As a Hudson parent, over the last few school days, you may have experienced spontaneous teacher-initiated “check-ins” by the classroom door, official parent-teacher conferences, and a closed-door meeting with the School Director. No, your children are neither in trouble, nor are they gifted.
They are being co-taught by the school community in tandem with their family. We are education partners. Its imperative for all of us to communicate in a meaningful way. And to do so whenever and wherever possible.
In “How to Tell if Your Child is Transitioning Well” specific, individualized conversation with school staff is highlighted as a top factor in assuring smooth school-year sailing. Unfortunately, we all know instances where “individualized meaningful school communication” is nothing but an oxymoron and a marketing phrase.

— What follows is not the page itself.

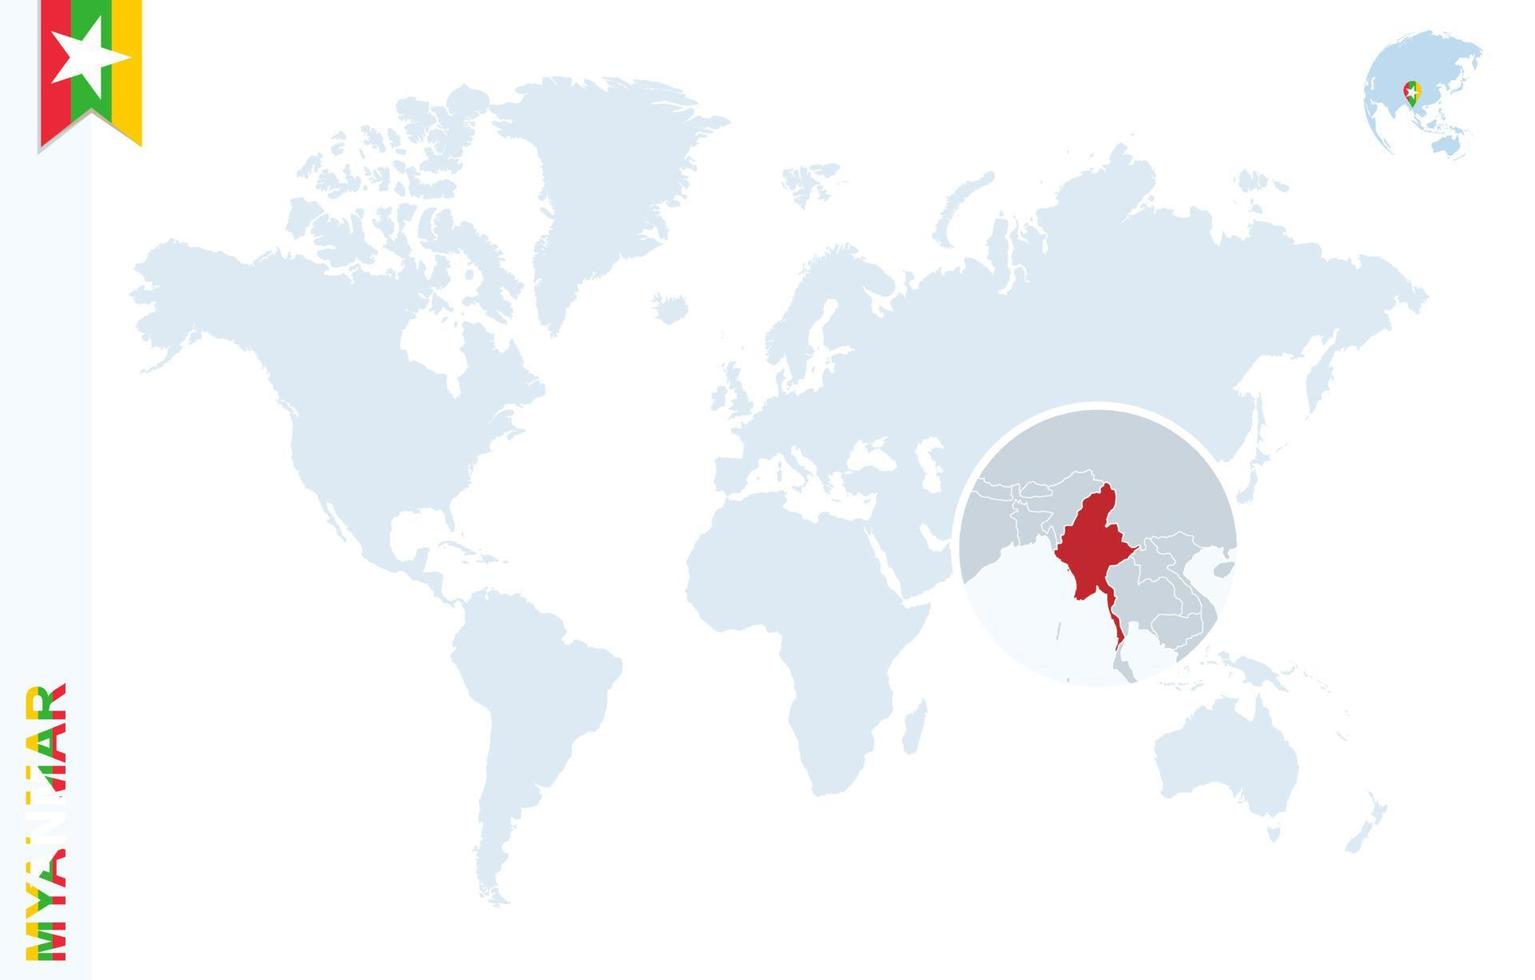 blu mondo carta geografica con ingrandimento su Myanmar. vettore

“The ABC’s of Communicating with Your Child’s School” put out by Putnam City School System, literally correlates a helpful tip with each letter of the alphabet. It’s a thorough and exhaustive list. Ask questions whenever you have a concern, Build your child’s confidence with regular communication, Clarify language you don’t understand….

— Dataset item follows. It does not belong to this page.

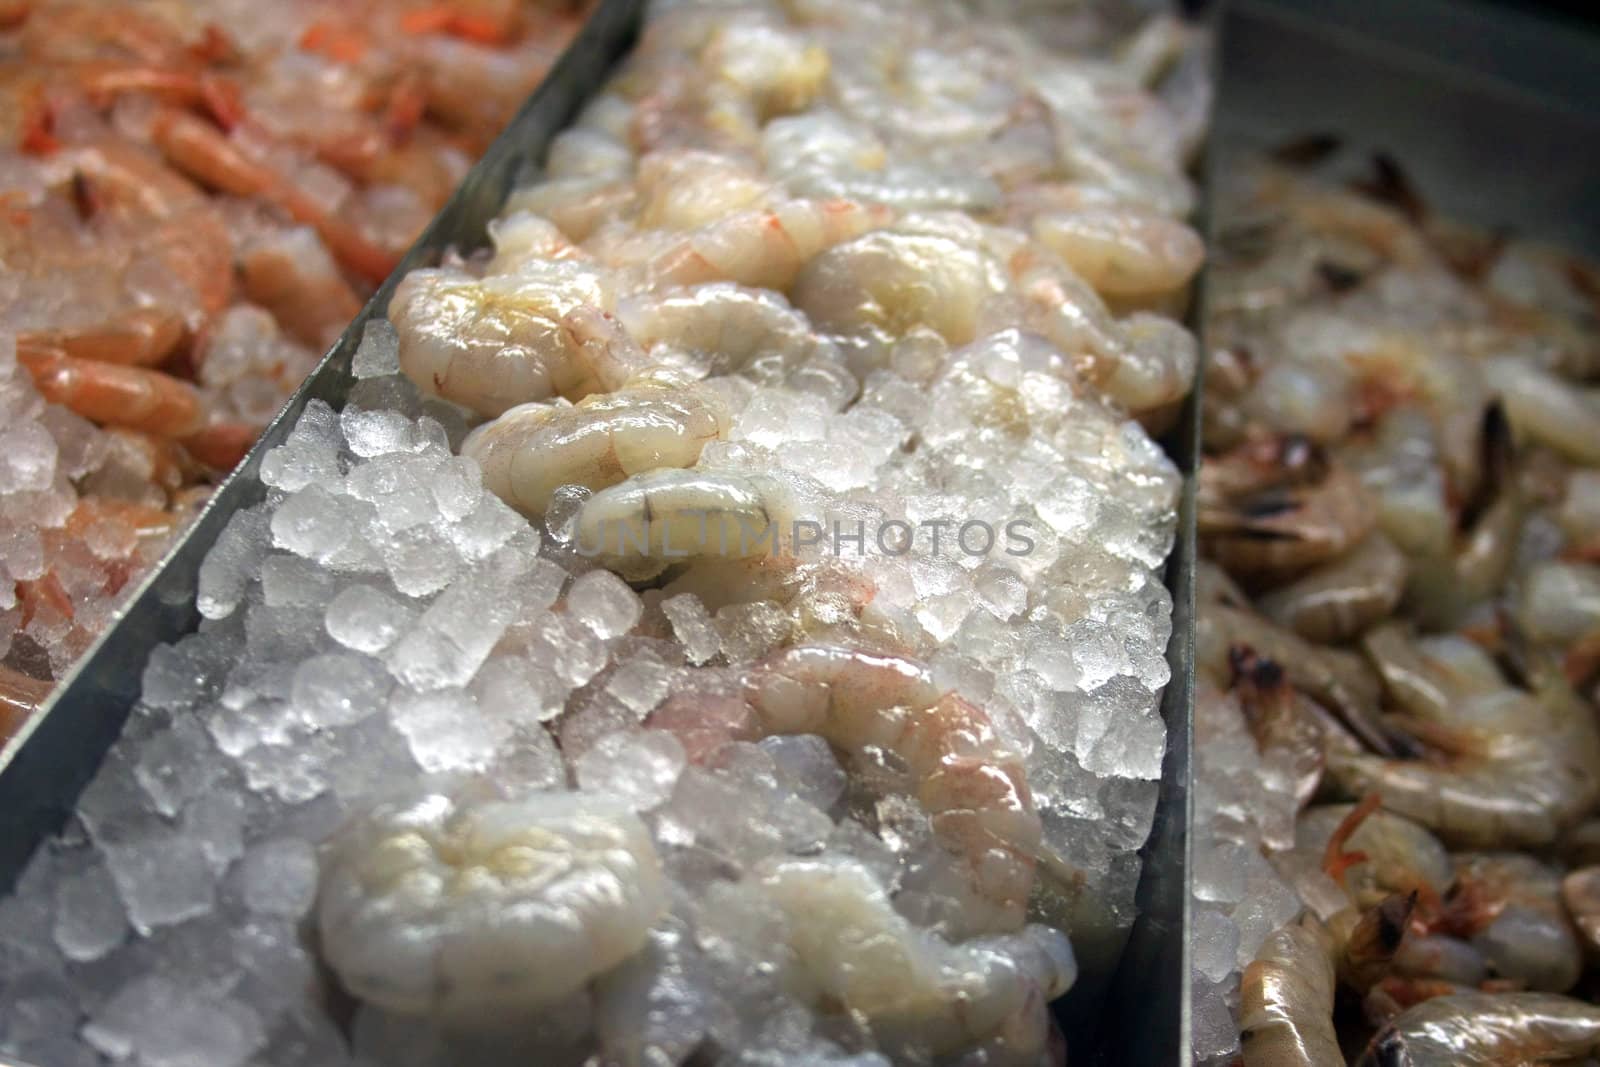 Piles of shrimp at a fish market

Don’t worry, we are not going through the whole piece… You can click the link for more information on the basics of information-sharing and its importance.
There is a cornerstone to making all this work though, because school communication can be wrought with frustration, worry, and let’s face it, some pretty strong egos.
Simply, yet not to be underestimated, what you say and how you say it has tremendous impact on the effectiveness of school communications. Positive relationships are built on positive language. Kind, gracious, appreciative and cooperative words focus conversations on successful outcomes. They model for our children how we wish to be spoken to. They break barriers, and build firm foundations.